HomeArticle

What on earth enables Herems to outshine OpenClaw?

36氪的朋友们2026-04-15 15:52
With its self-evolving skills and active memory system, Hermes Agent surpasses OpenClaw and leads the new direction of open-source agents.

In April 2026, OpenClaw (commonly known as "Lobster"), which had only been popular for two months, faced a challenger. Hermes Agent topped the GitHub Trending list for several consecutive weeks and amassed 22,000 stars.

How popular was it? Even Anthropic copied it. On April 10th, Teknium, the founder of Nous Research, came out to complain that Anthropic was "copying" Hermes' function of automatically judging task completion and actively reminding users. The community narrative was also very unified, believing that Hermes, with its self - evolving Agent, automatic memory management, and user modeling system, comprehensively surpassed the former king OpenClaw in technology and redefined the direction of open - source Agents.

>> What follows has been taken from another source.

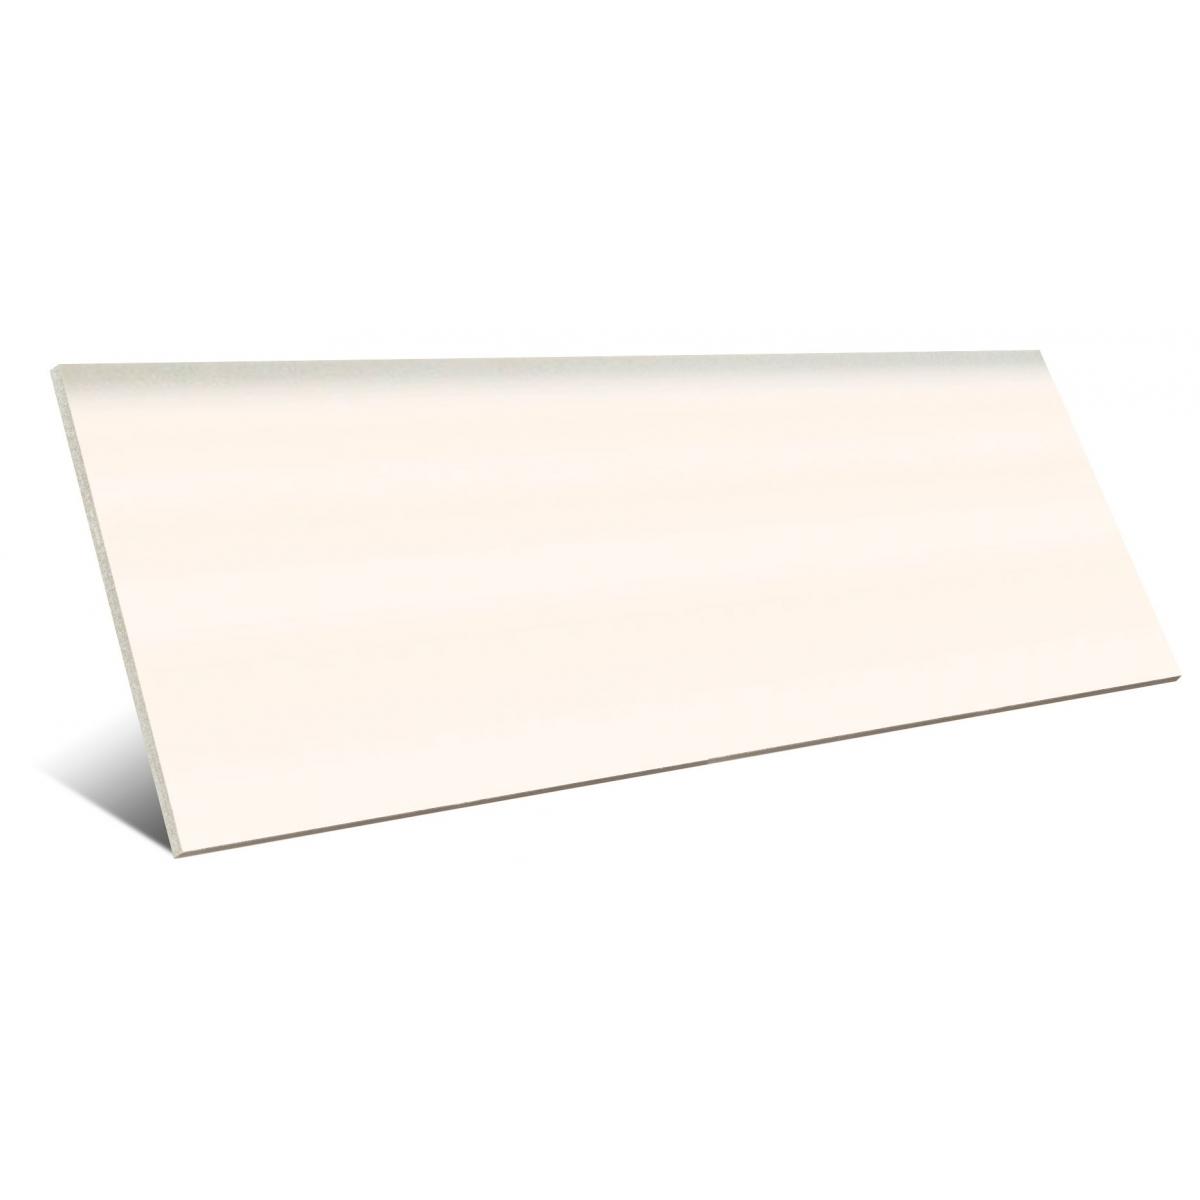 Rodapié Blanco Victorian 7,5x20 (ud)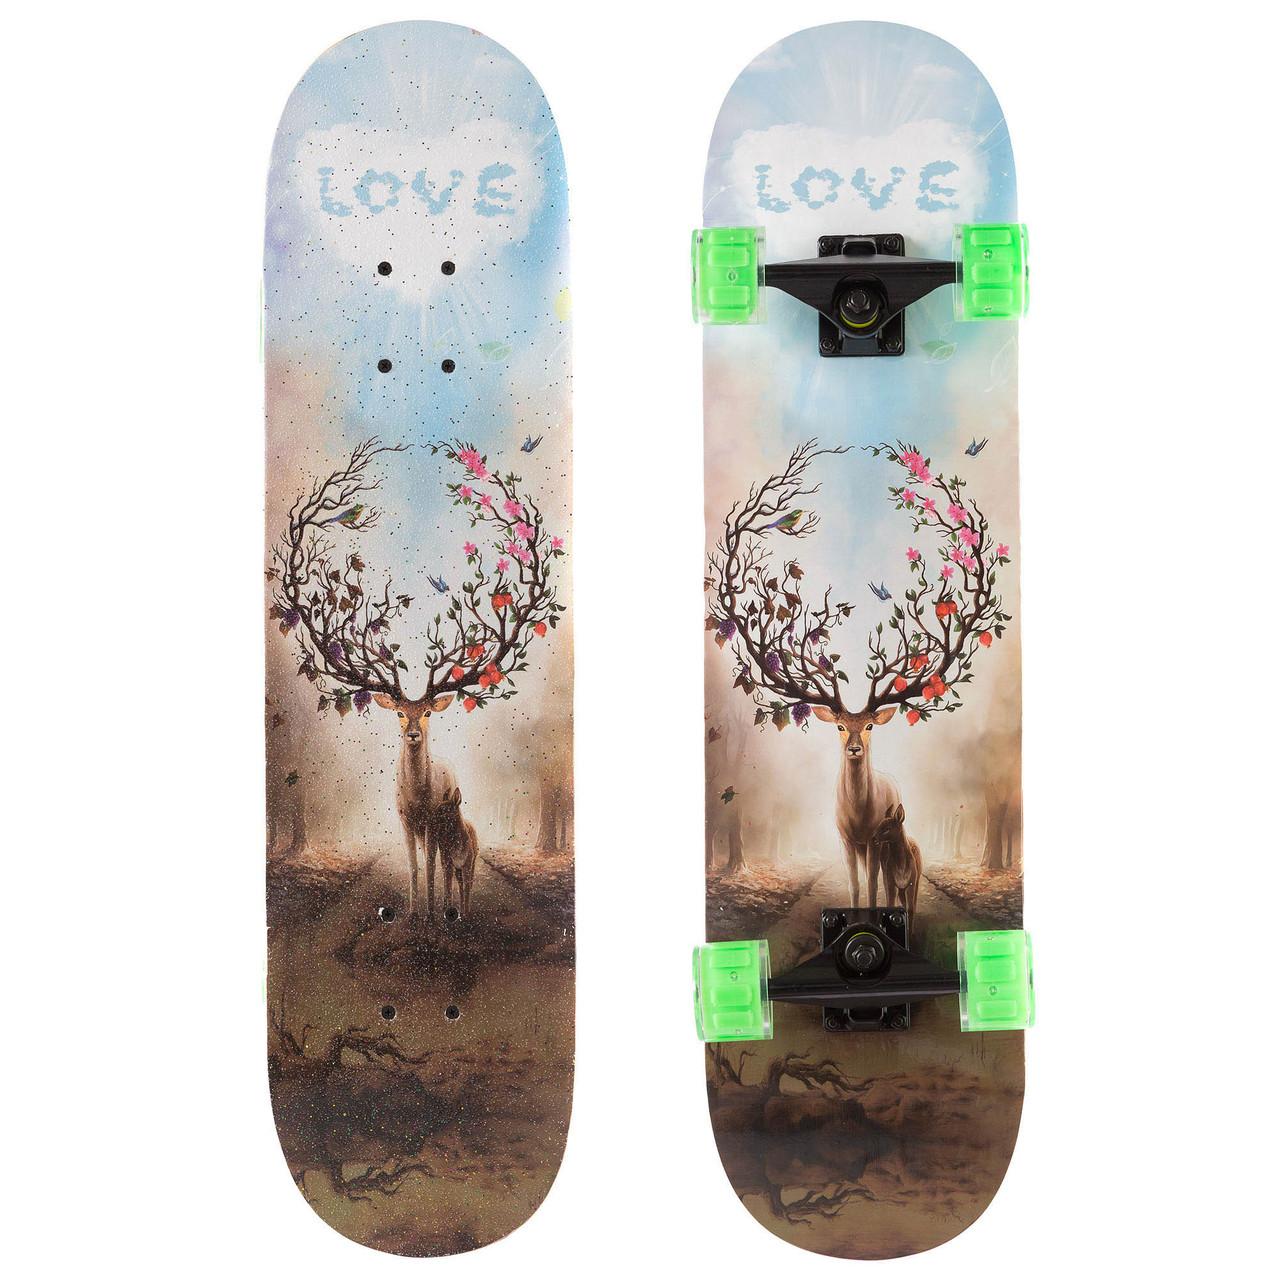 Скейт класичний з малюнком Олень SK-1248-5

However, if you put aside these grand narratives and really compare the two in detail, you'll find that there are far more similarities than differences in their functions.

For example, both support scheduled tasks. Hermes supports human - readable formats and standard cron expressions, and each task runs in an isolated session. OpenClaw also supports three scheduling types: at, every, and cron. Tasks are directly persisted in a local JSON file, so they won't be lost even after a restart.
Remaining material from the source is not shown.